"""
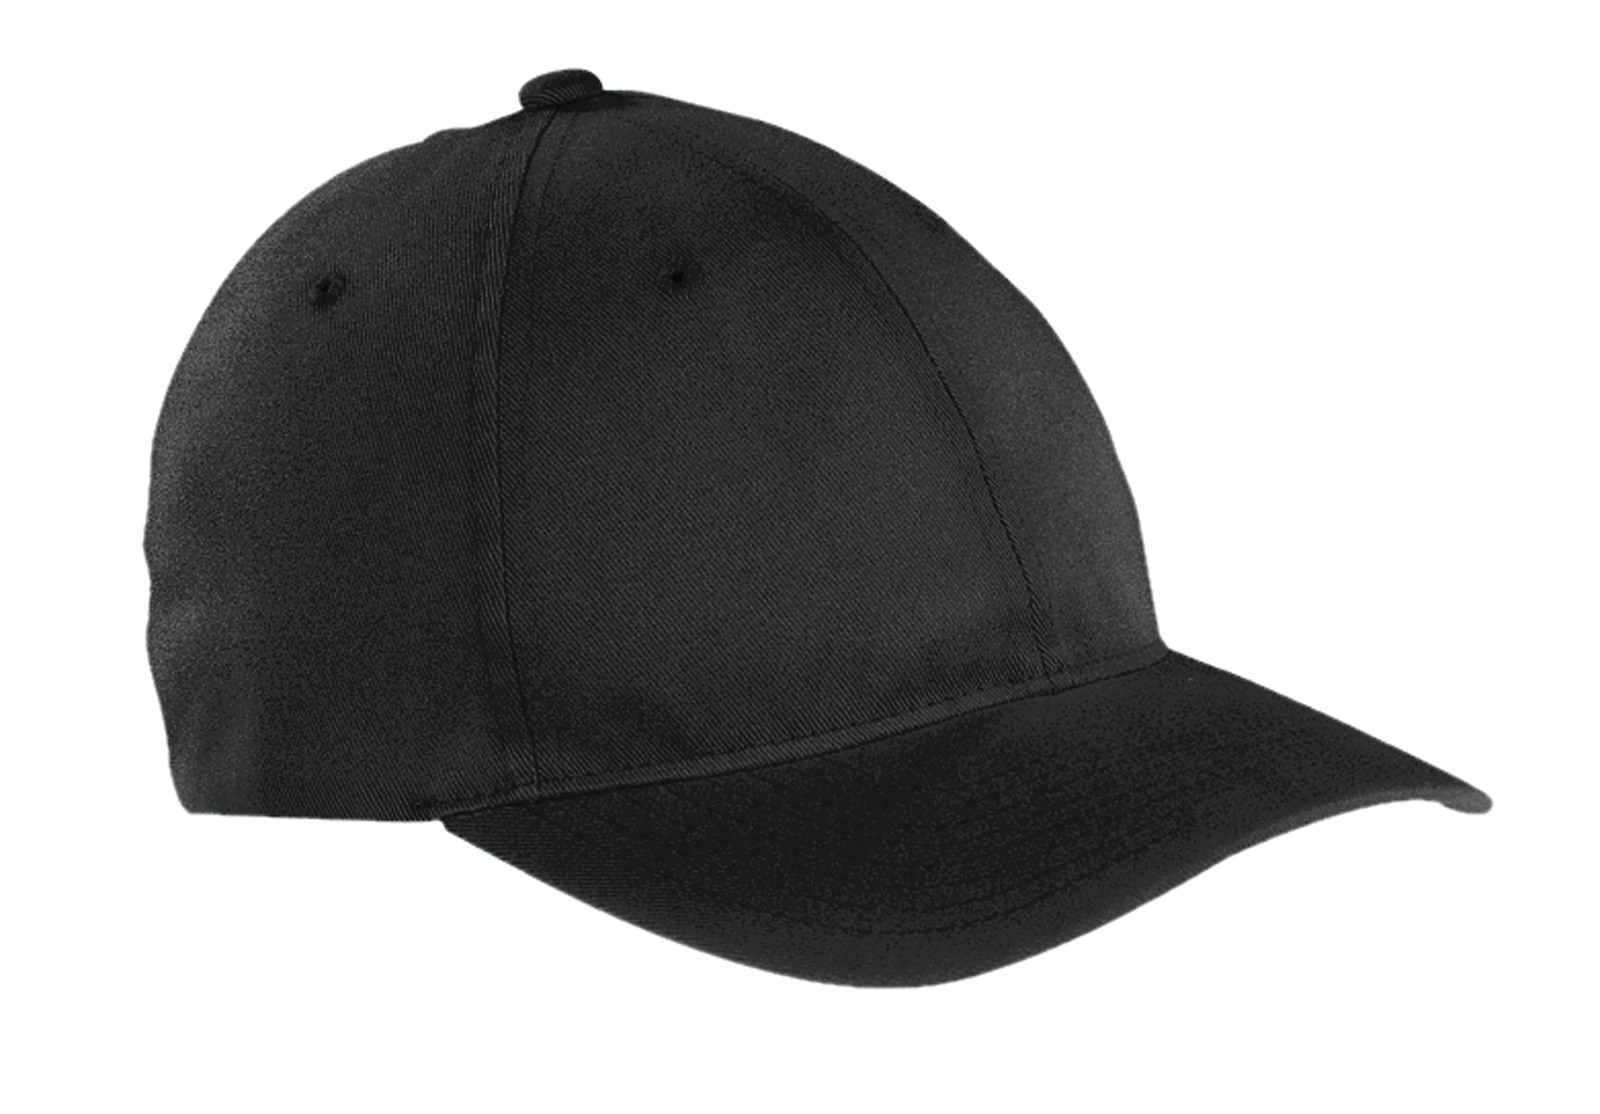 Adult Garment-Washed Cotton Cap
"""
"""
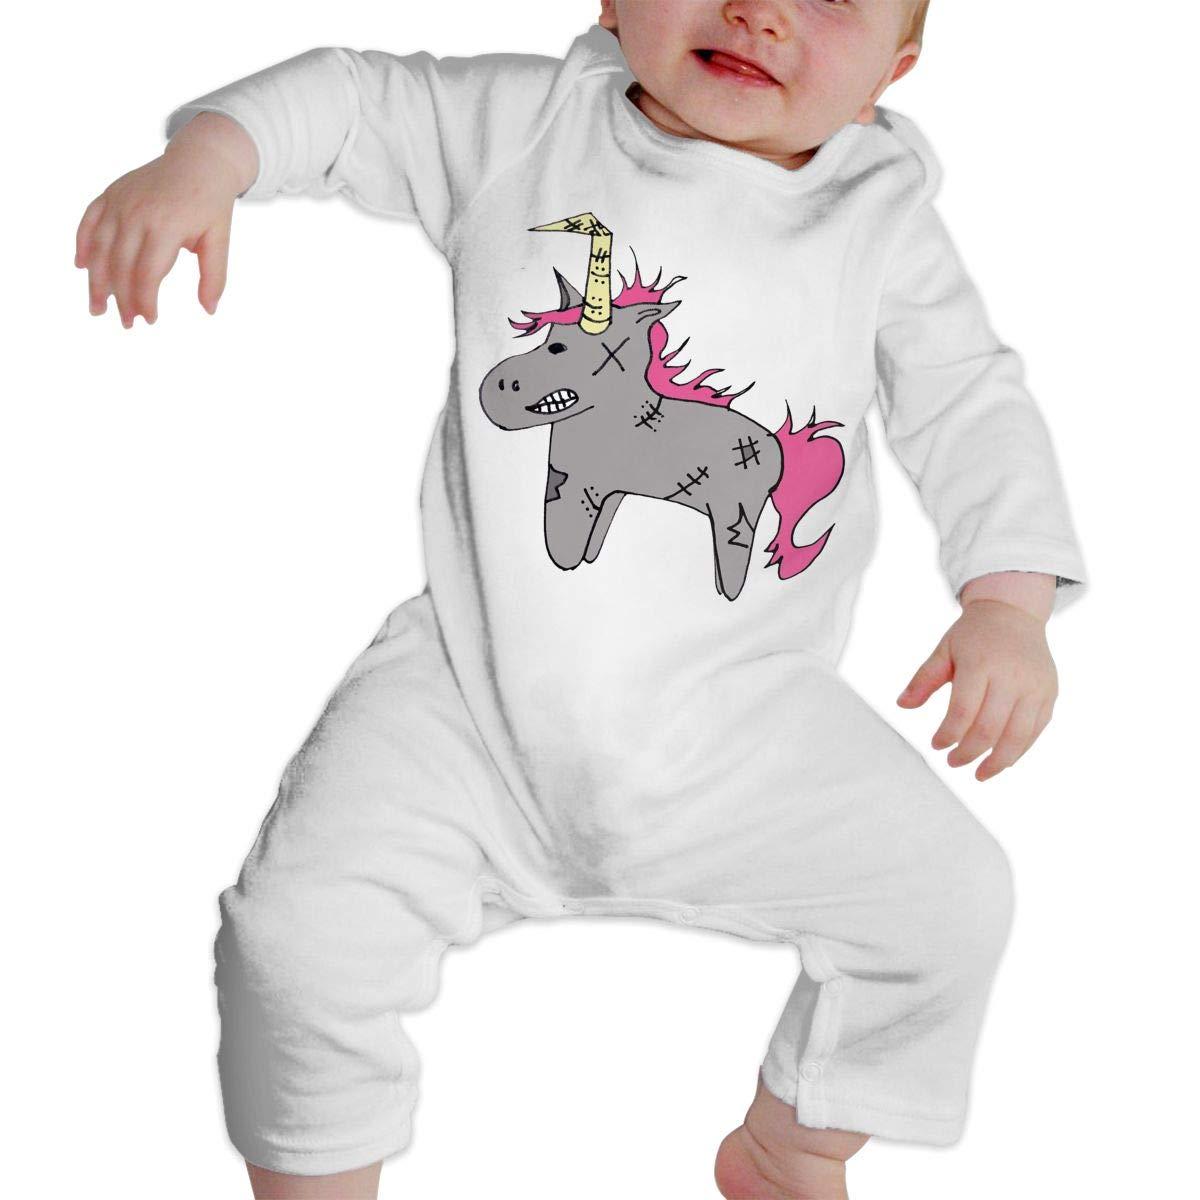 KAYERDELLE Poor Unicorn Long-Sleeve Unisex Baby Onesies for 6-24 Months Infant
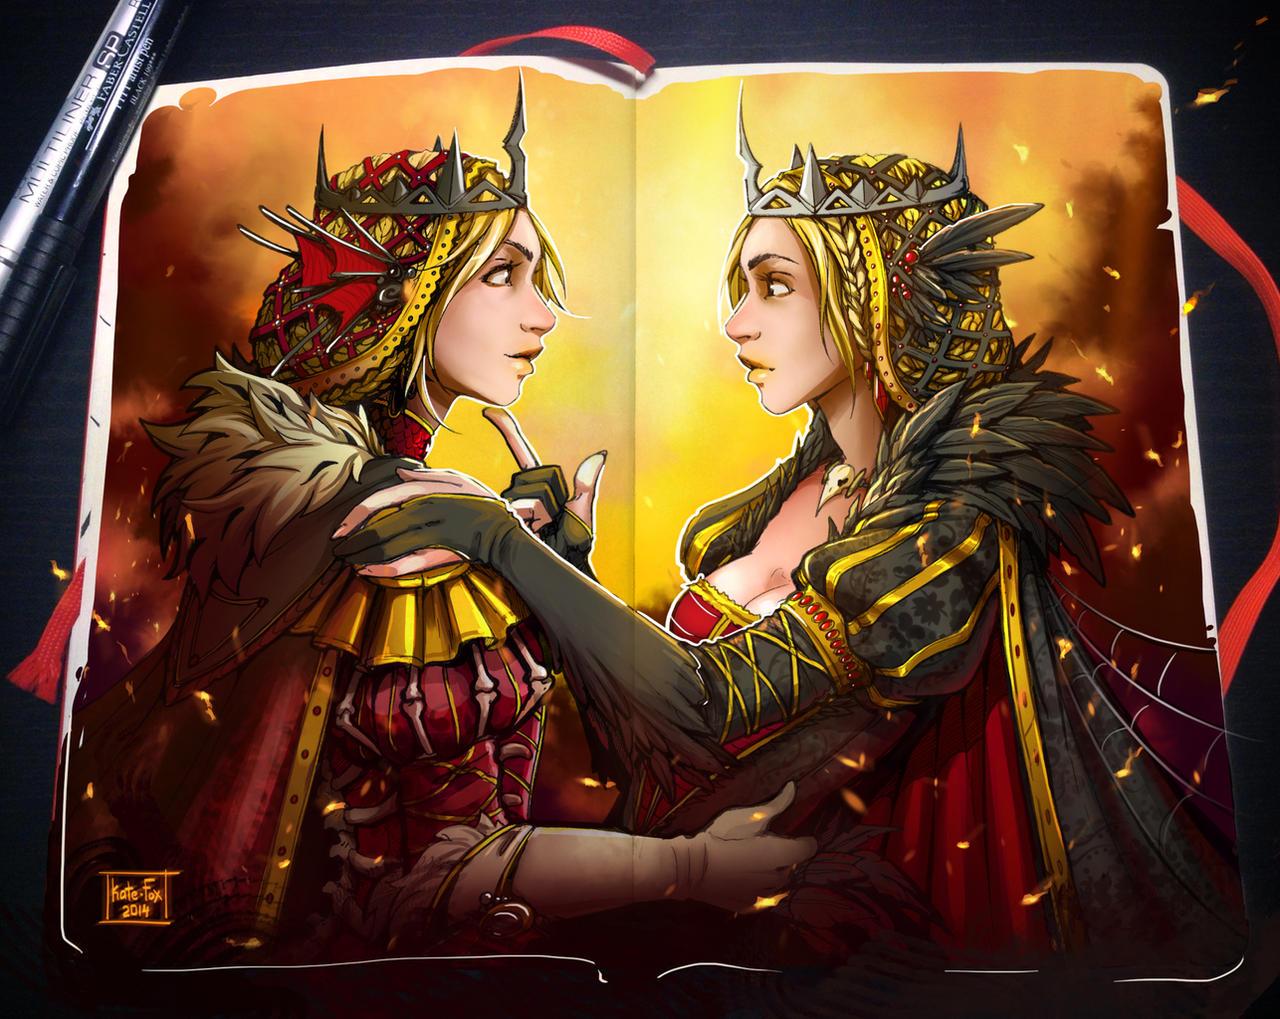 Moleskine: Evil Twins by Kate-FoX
"""
[Task goal]: All lines above starting at the one with "KAYERDELLE Poor Unicorn" and ending at the one with "Moleskine: Evil Twins by Kate-FoX", inclusive, are to be printed again exactly, with the pictures left out.

[Task response]:
 KAYERDELLE Poor Unicorn Long-Sleeve Unisex Baby Onesies for 6-24 Months Infant
 Moleskine: Evil Twins by Kate-FoX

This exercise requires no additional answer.